Background technology
Chinese invention patent 01145534.9 discloses a kind of process for treating acidic sewage with high-density mud, and it is made up of device systems such as first reactor, second reactor, aeration tank, settling vessel, pressure filter.Adopt mud reflux, to wherein adding the neutralizing agent technology, make neutralizing agent be adsorbed in the sludge carrier surface, utilize in this carrier again and waste water, make the precipitate metal hydroxides of the big particle diameter of multiple metal ion formation high-density in the waste water, improved the solid content of sludge settling efficient and mud, reduce the sludge dewatering time, reduce the wastewater treatment expense.Invention suits to be extensive use of in industries such as iron and steel, mine, chemical industry, plating.
Aforesaid method belongs to one section neutralisation, and for containing non-ferrous metal ionic acid waste water, when metal ion content was higher, one section neutralisation was difficult to reach national grade one discharge standard, thereby, rivers are still had pollution, this is the weak point of one section neutralisation.
Summary of the invention
The object of the present invention is to provide a kind of two-phase method to handle the novel process of non-ferrous metal acid waste water, it is to adopt one section lime neutralization to add two sections polyaluminum sulfate iron precipitation processes to handle non-ferrous metal acid waste water, make it to reach national grade one discharge standard, to overcome the deficiency of one section neutralisation.
Technical solution of the present invention is to send containing non-ferrous metal ionic acid waste water into the neutralization reaction pond after desilting, homogenizing, and add milk of lime to this reaction tank, in the lime and back liquid send the inclined-plate clarifying basin post precipitation, to wherein adding bodied ferric sulfate, give another inclined-plate clarifying basin precipitate and separate again, supernatant liquor can efflux or do industrial backwater and use.
Method of the present invention is characterized in that it is made up of lime neutralizing treatment and two steps of bodied ferric sulfate precipitation process, and described lime neutralizing treatment step is that milk of lime is added in this acid waste water, makes the waste water pH value after the neutralization reach 7.5-9; Described bodied ferric sulfate precipitation process step is that bodied ferric sulfate is added in the wastewater supernatant fluid of milk of lime neutralization and post precipitation, makes the waste water pH value of polymerization post precipitation reach 7.5-9.

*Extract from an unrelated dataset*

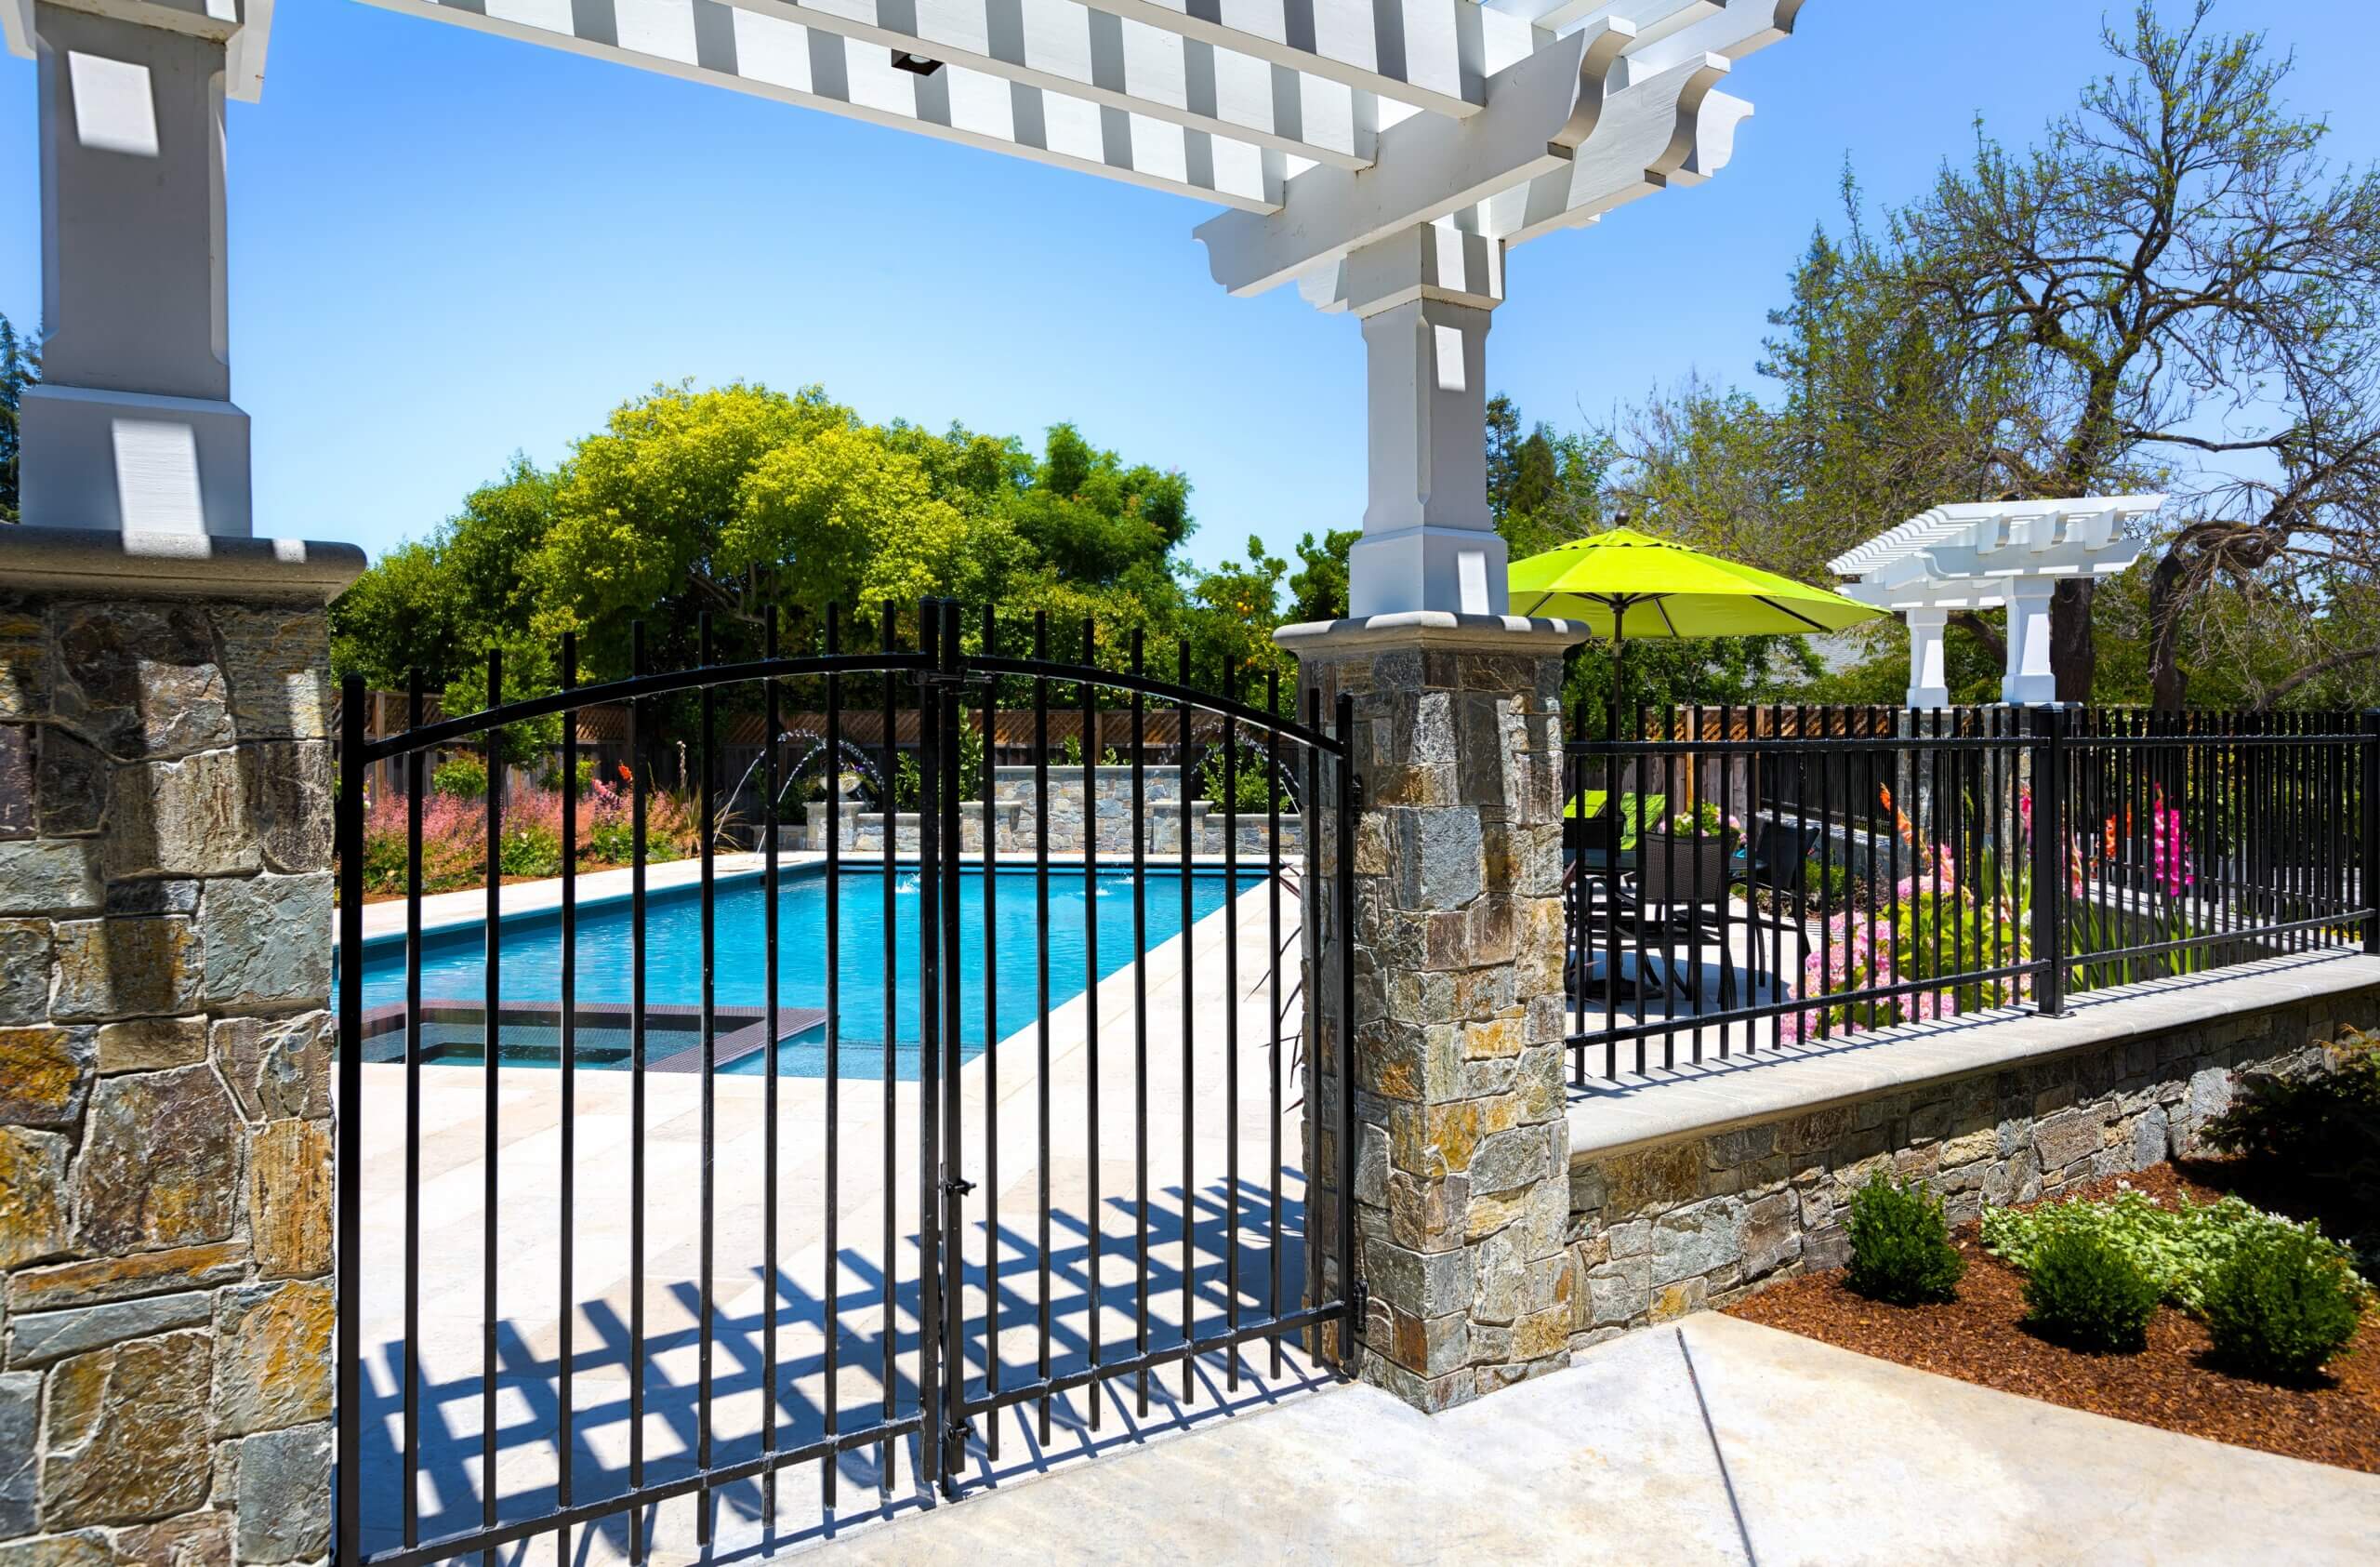 Large family swimming pool protected by large custom iron safety fence

The concentration of described milk of lime is 6-10%.
The concentration of described bodied ferric sulfate is 5-20%.
The invention has the beneficial effects as follows: through the acid waste water that two-phase method is handled, average annual 95% can reach national grade one discharge standard, and one section neutralisation has only 80% to reach state three grade emissioning standard every year; The recycling water utilization rate of section method is 300M
3/ hour, two-phase method is then brought up to 500M
3/ hour, simultaneously, the amount of pollutant that enters rivers has also reduced.
It below is one section lime neutralisation (one-stage process) and the neutralize processing empirical average contrast table as a result of bodied ferric sulfate precipitator method (two-phase method) of lime.

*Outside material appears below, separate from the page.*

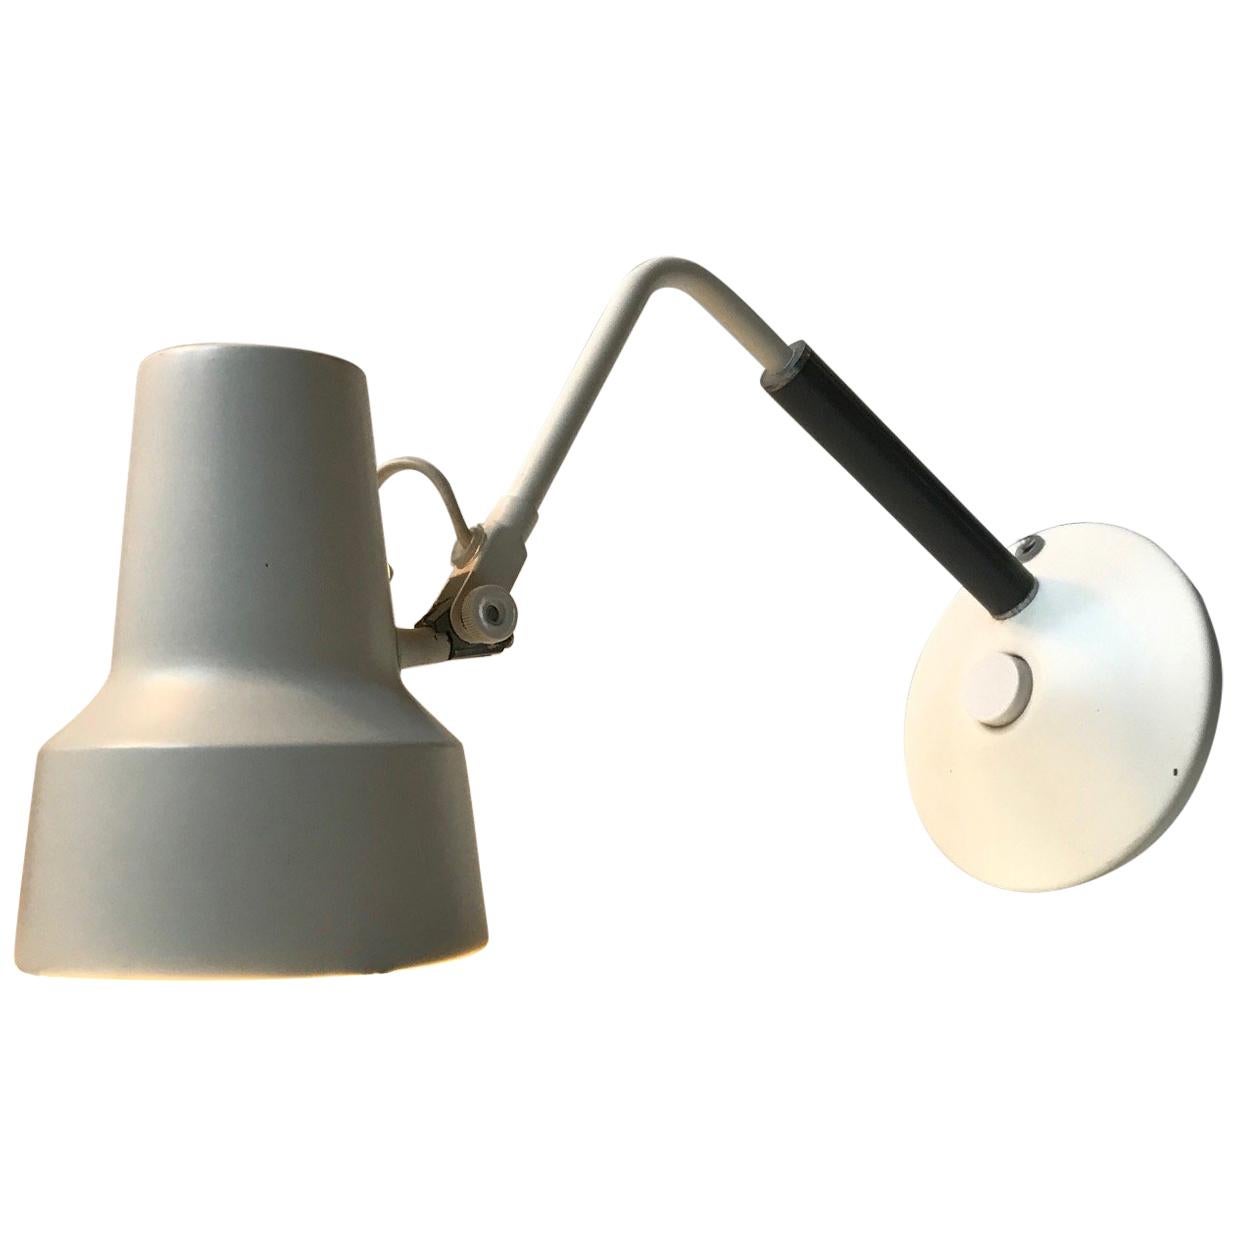 White and grey table lamp designed by Jac Jacobsen for his own company Jac Jacobsen A/S in Norway during the late 1950s. It is called L-11 and it features a grey acrylic handle, porcelain fitting, wall mount option, jumbo switch and adjustable

Acid waste water 500ml, composition (mg/l): Cu3.64, Pb5.74, Zn157.64, Cd6.90, PH3.7.
| Method | PH value control | The quantity of slag (%) | The milk of lime consumption (ml) of concentration 8% | (mg/l) purifies waste water | |||||
| ????Cu | ????Pb | ????Zn | ??Cd | ??PH | |||||
| Two-phase method | One section | ????7.5-9 | ??73 | ??14.42 | ??0.120 | ??0.478 | ??1.278 | ??0.04 | ??7.67 |
| Two sections | ????7.5-8.5 | ??27 | (5.76 the bodied ferric sulfate of concentration 10%) | ||||||
| One-stage process | ????7-9 | Total quantity of slag lacks 30% approximately | ??11.25 | ??0.165 | ??0.762 | ??2.495 | ??0.06 | ??7.92 | |
As seen from the above table, lime neutralization---the bodied ferric sulfate precipitator method (two-phase method) have more significantly raising than lime neutralisation (one-stage process) on treatment effect, wherein, lead, zinc, cadmium reduce by 37.27%, 48.78%, 33.33% respectively, and because first section in the two-phase method separates the quantity of slag more than 70%, alleviate second section processing load greatly, be suitable for overproof waste water quality equally.
Description of drawings
Accompanying drawing is the process flow sheet that two-phase method of the present invention is handled non-ferrous metal acid waste water.
Embodiment
Below in conjunction with accompanying drawing the present invention and embodiment thereof are described in further detail.
Example 1:
Referring to accompanying drawing, accompanying drawing is the process flow sheet that two-phase method of the present invention is handled non-ferrous metal acid waste water, contain non-ferrous metal ionic acid waste water, through desilting, enter mixing pit after the homogenizing, milk of lime is added in this mixing pit, carry out one section lime neutralization, neutralization back liquid send reaction tank and inclined-plate clarifying basin, and this settling tank supernatant goes into to mix agitated pool, polyaddition ferric sulfate carries out two sections poly-iron precipitations in this agitated pool, mixed solution advances another inclined-plate clarifying basin, and supernatant returns and uses or efflux, the underflow entrance pressure filter press filtration of balancing reservoir underflow and other operations, filter residue send production system, and filtrate is then returned balancing reservoir.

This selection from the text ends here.